#### [Exercise objective]
From the listing below, restate word for word the lines from the line containing "pog-meaning-military" down through the line containing "CONFIDENTIALITY AGREEMENT (Unilateral)". Exclude pictures.

#### [Input records]
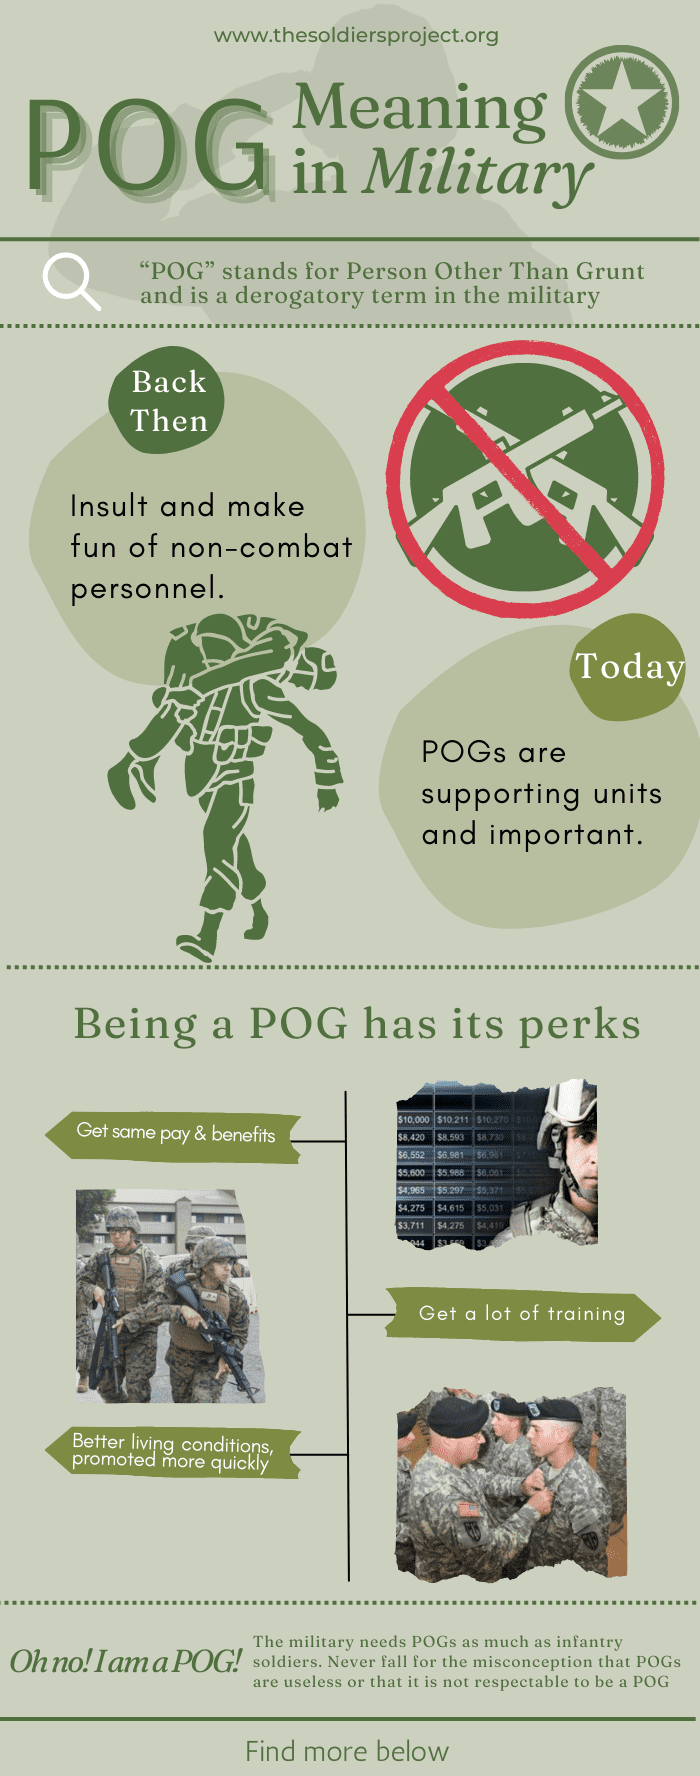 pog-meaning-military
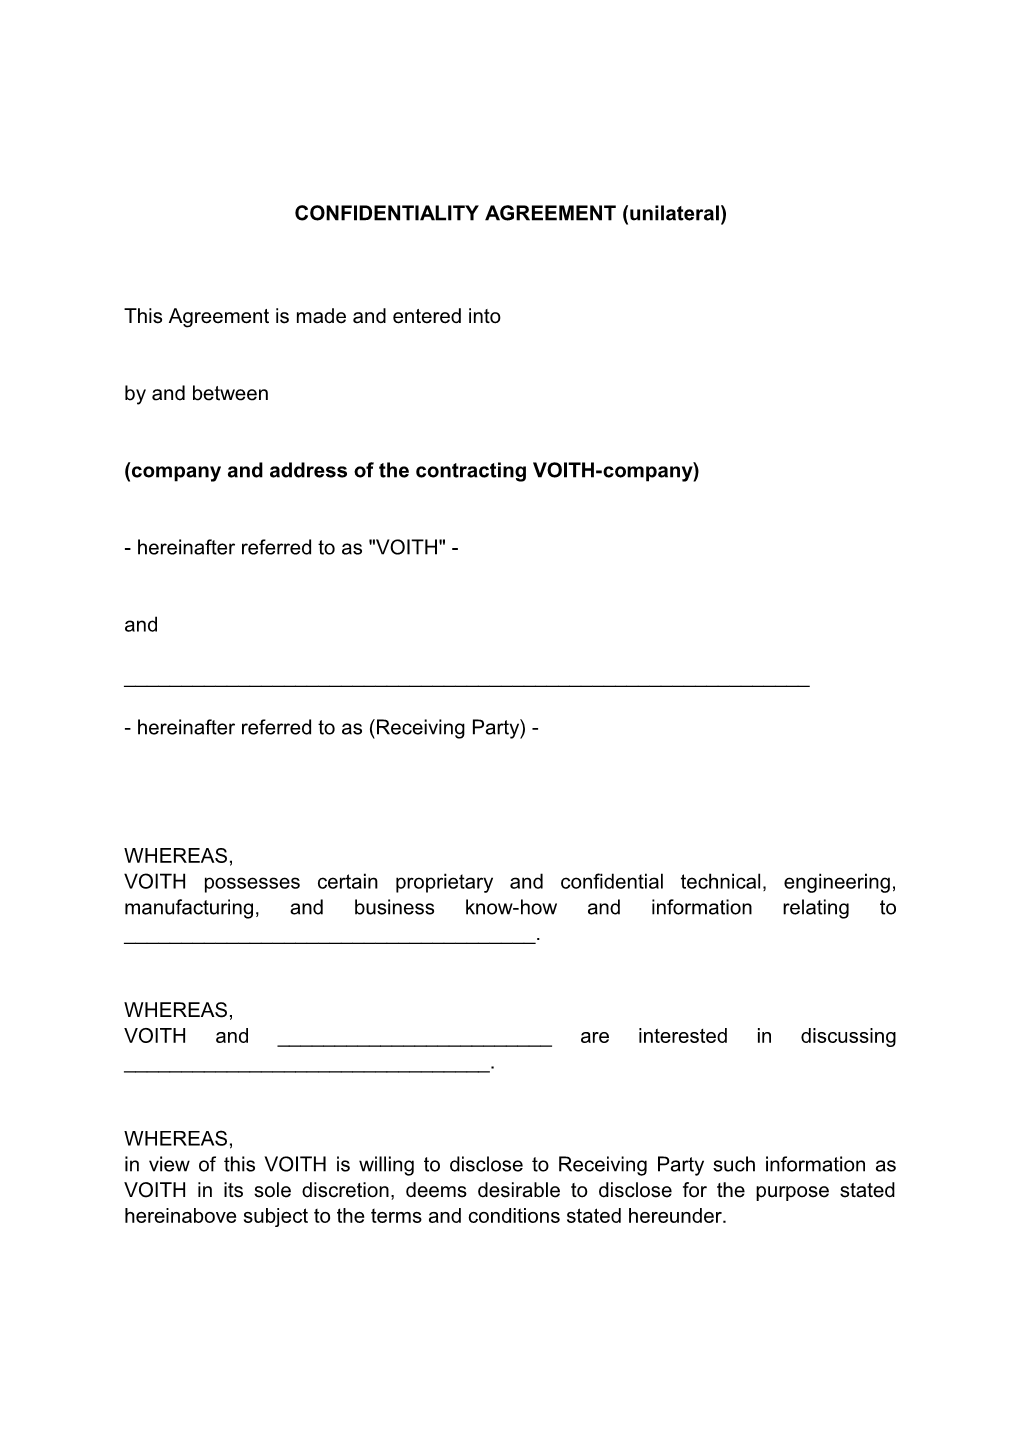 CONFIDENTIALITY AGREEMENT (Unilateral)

---

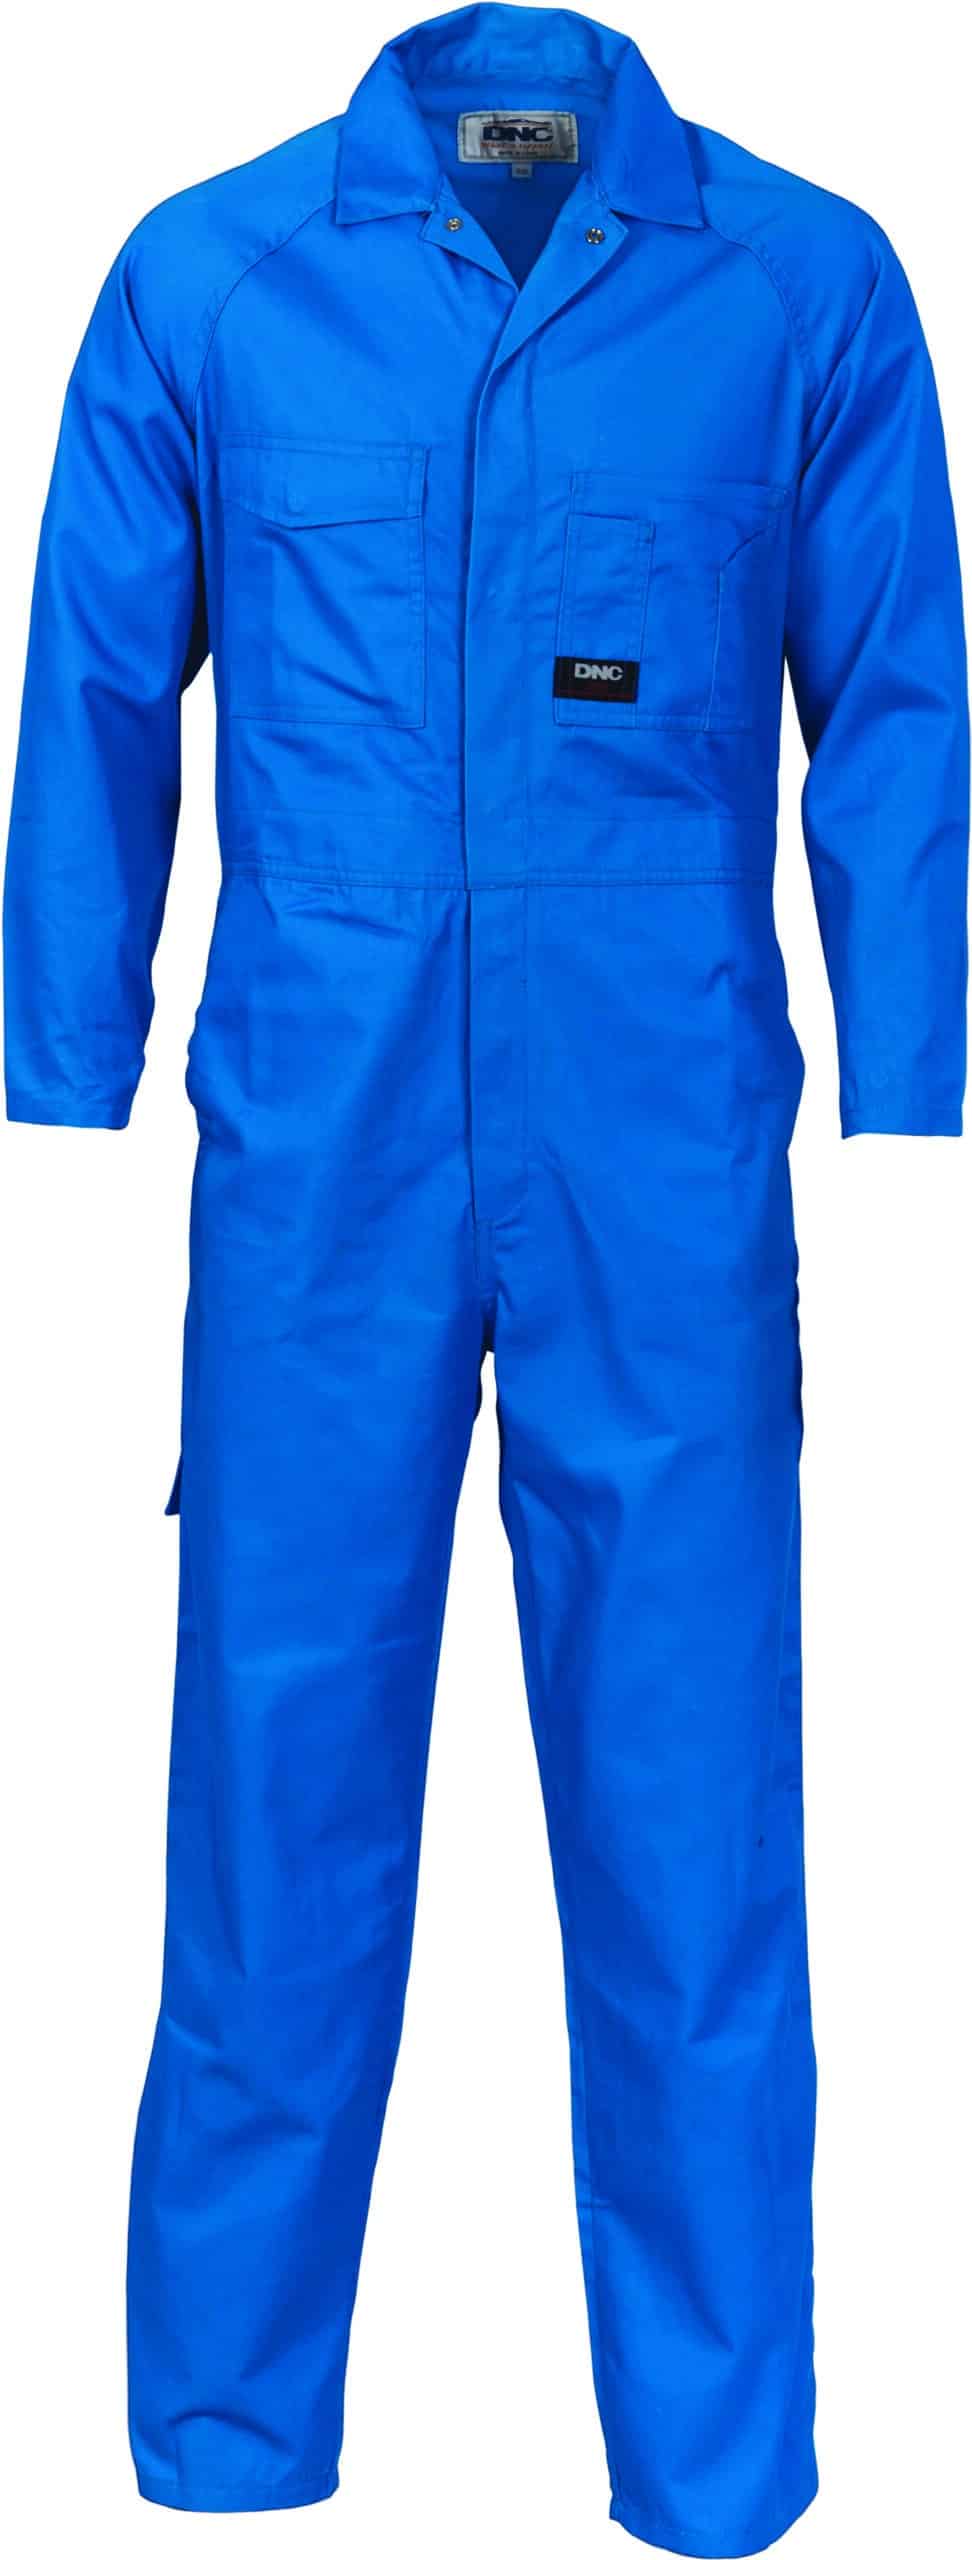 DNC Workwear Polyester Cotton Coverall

---

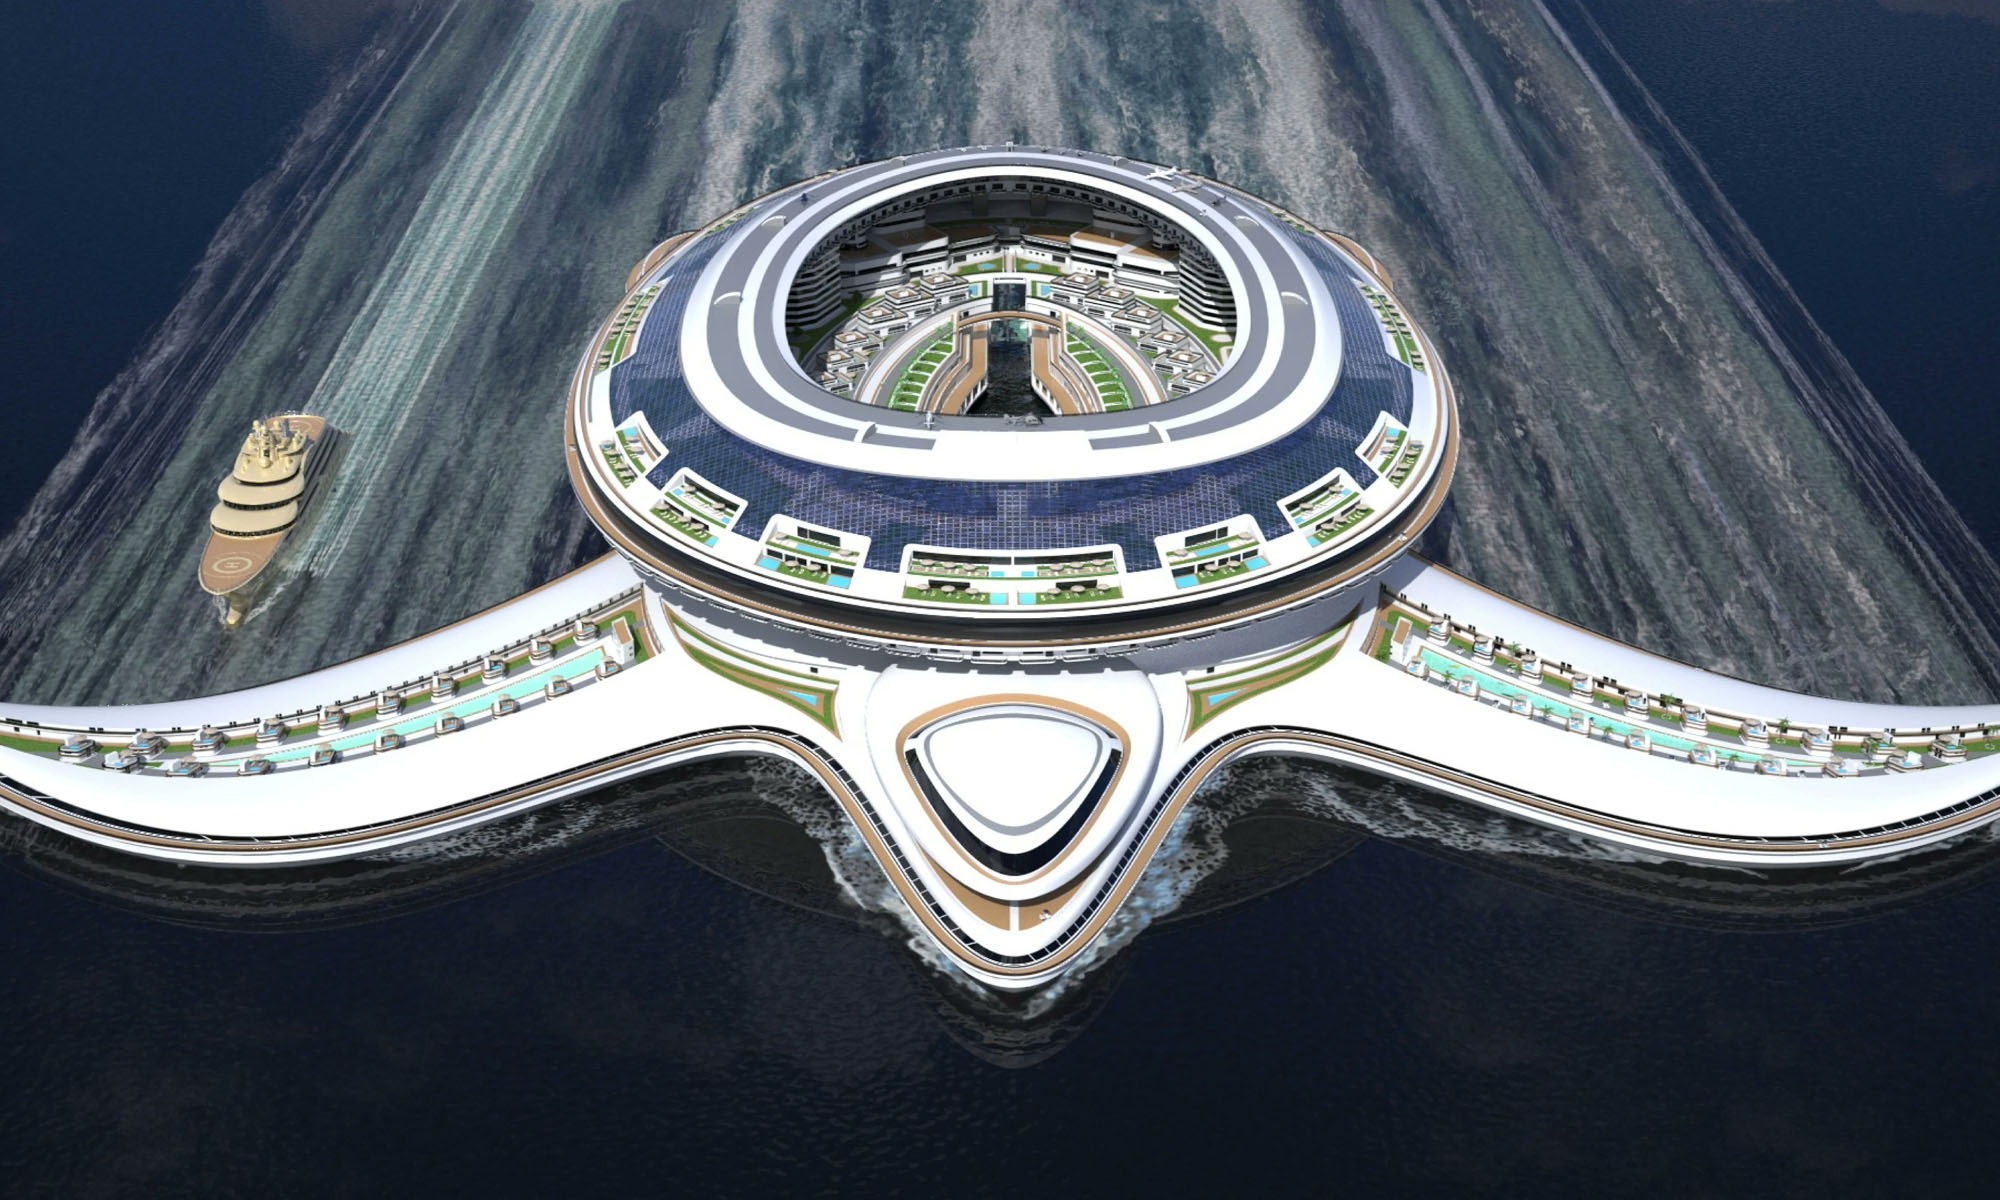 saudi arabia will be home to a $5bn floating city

#### [Response area]
 pog-meaning-military
 CONFIDENTIALITY AGREEMENT (Unilateral)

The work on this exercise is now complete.